MXNET: Weight Decay

Last Update:2018-08-23 Source: Internet

Author: User

Tags mxnet

Developer on Alibaba Coud: Build your first app with APIs, SDKs, and tutorials on the Alibaba Cloud. Read more ＞

Weight attenuation is a common method to fit the problem.

\ (l_2\)Norm Regularization

In deep learning, we often use the L2 norm regularization, which is to add L2 norm penalty on the basis of the original loss function of the model, so as to get the function of minimizing the training.

L2 Norm penalty term refers to the sum of the squares of each element of the model weight parameter and the product of a hyper-parameter.

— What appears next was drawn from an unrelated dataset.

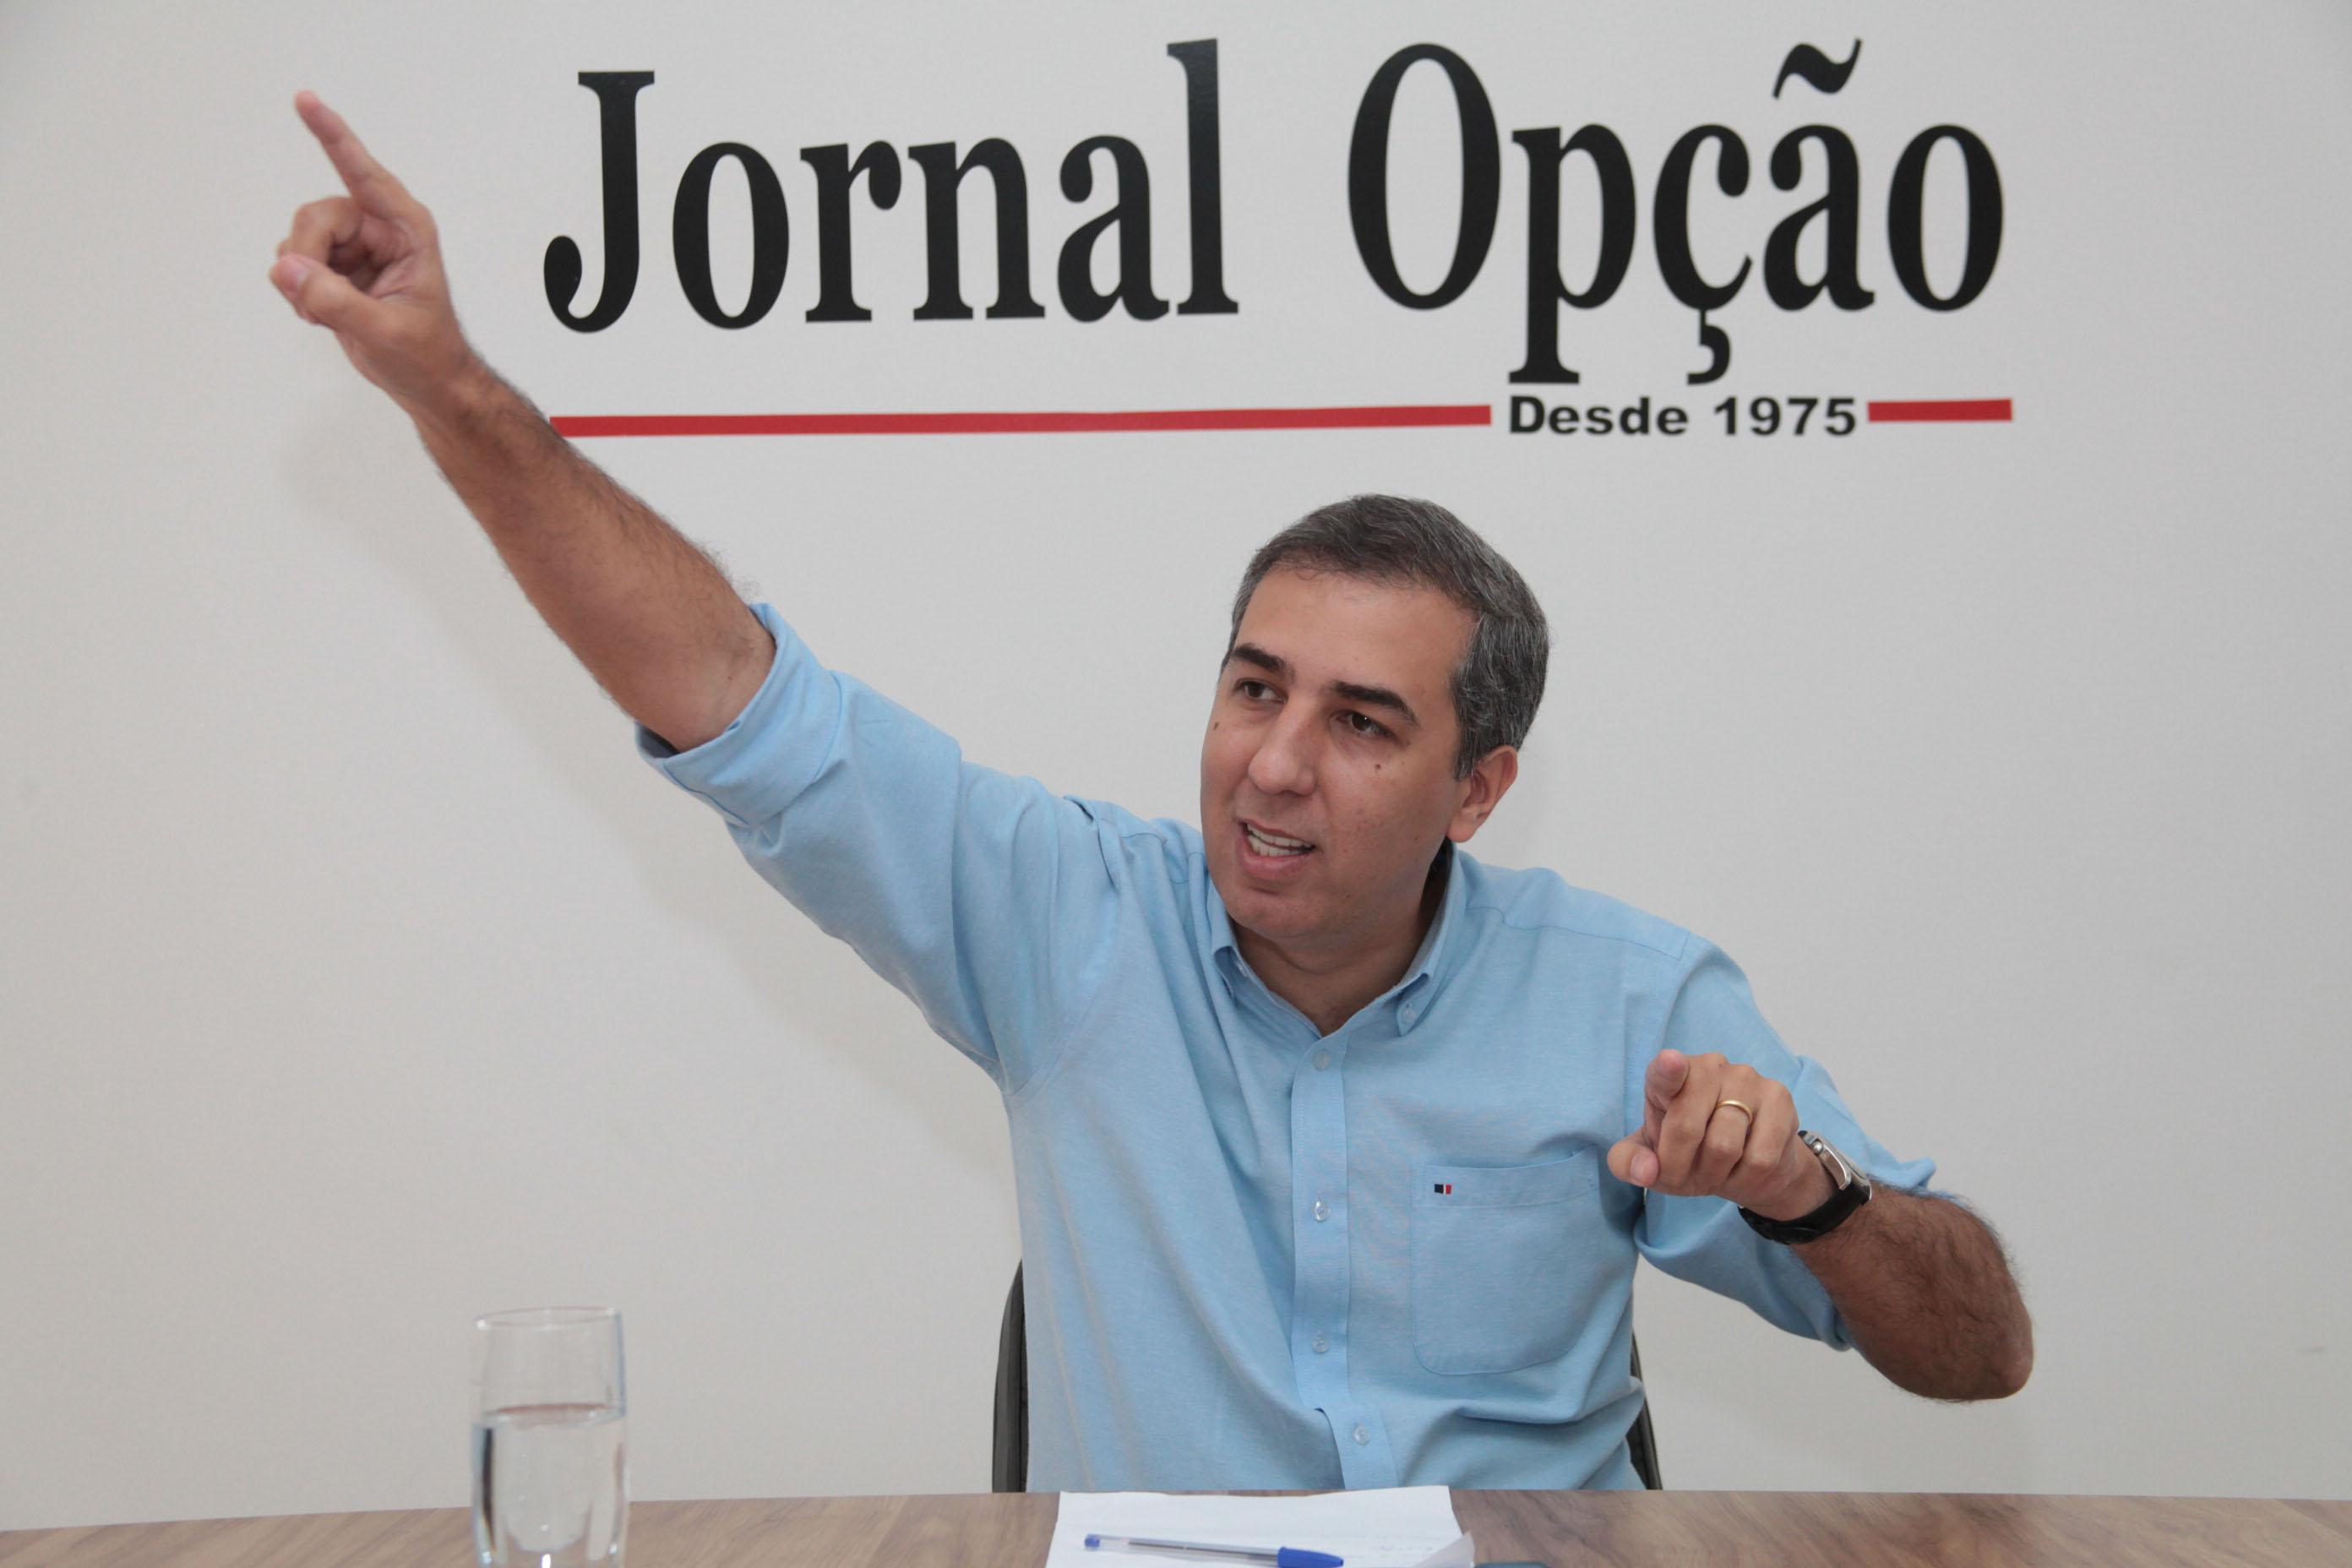 José Eliton vai governar Goiás durante quase todo o mês de janeiro
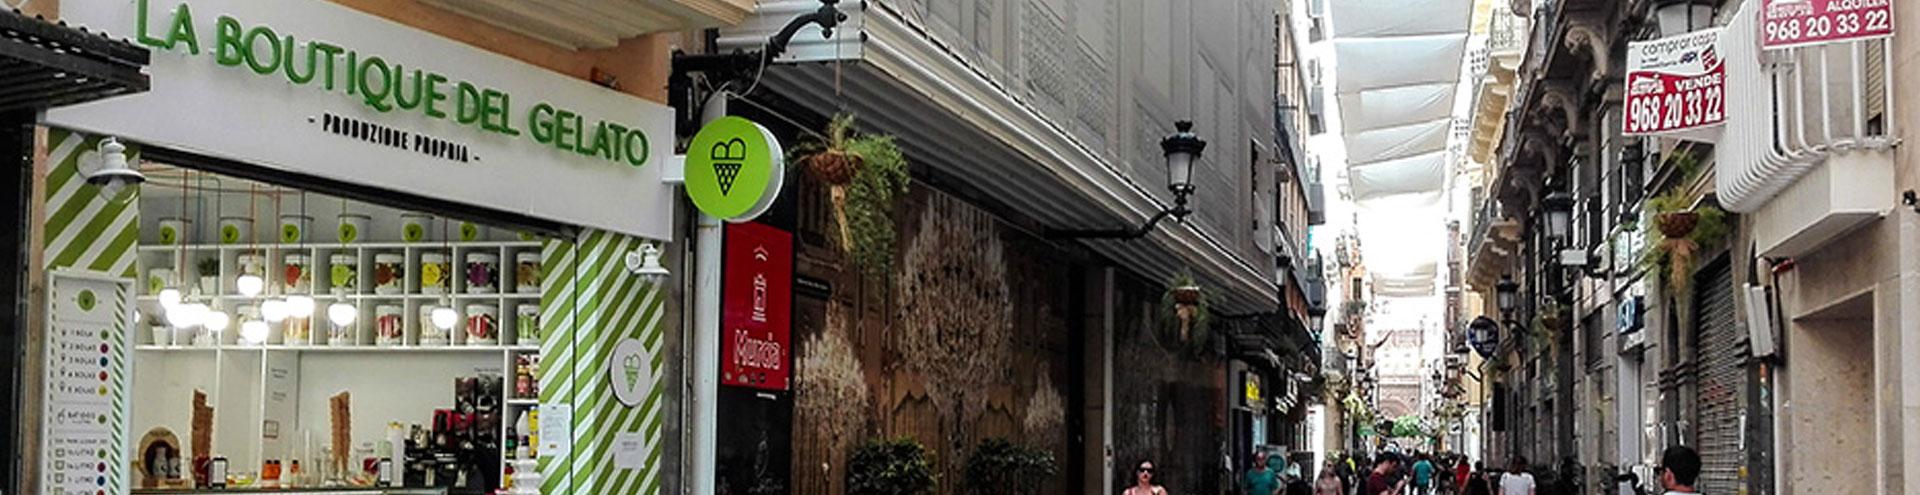 La Boutique del Gelato Murcia

For example:\ (w_1\),\ (w_2\) is the weight parameter, B is the deviation parameter, and the new loss function with the \ (l_2\) Norm penalty is:

\[\ell (W_1, w_2, b) + \frac{\lambda}{2} (w_1^2 + w_2^2), \]

\ (\lambda\) regulates the gravity of the penalty.

With the \ (l_2\) norm, in the case of a random gradient descent, using a single-layer neural network as an example, the iterative formula of weights is changed to:

\[w_1 \leftarrow w_1-\frac{\eta}{|\mathcal{b}|} \sum_{i \in \mathcal{b}}x_1^{(i)} (x_1^{(i)} w_1 + x_2^{(i)} w_2 + b-y ^{(i)})-\lambda w_1,\]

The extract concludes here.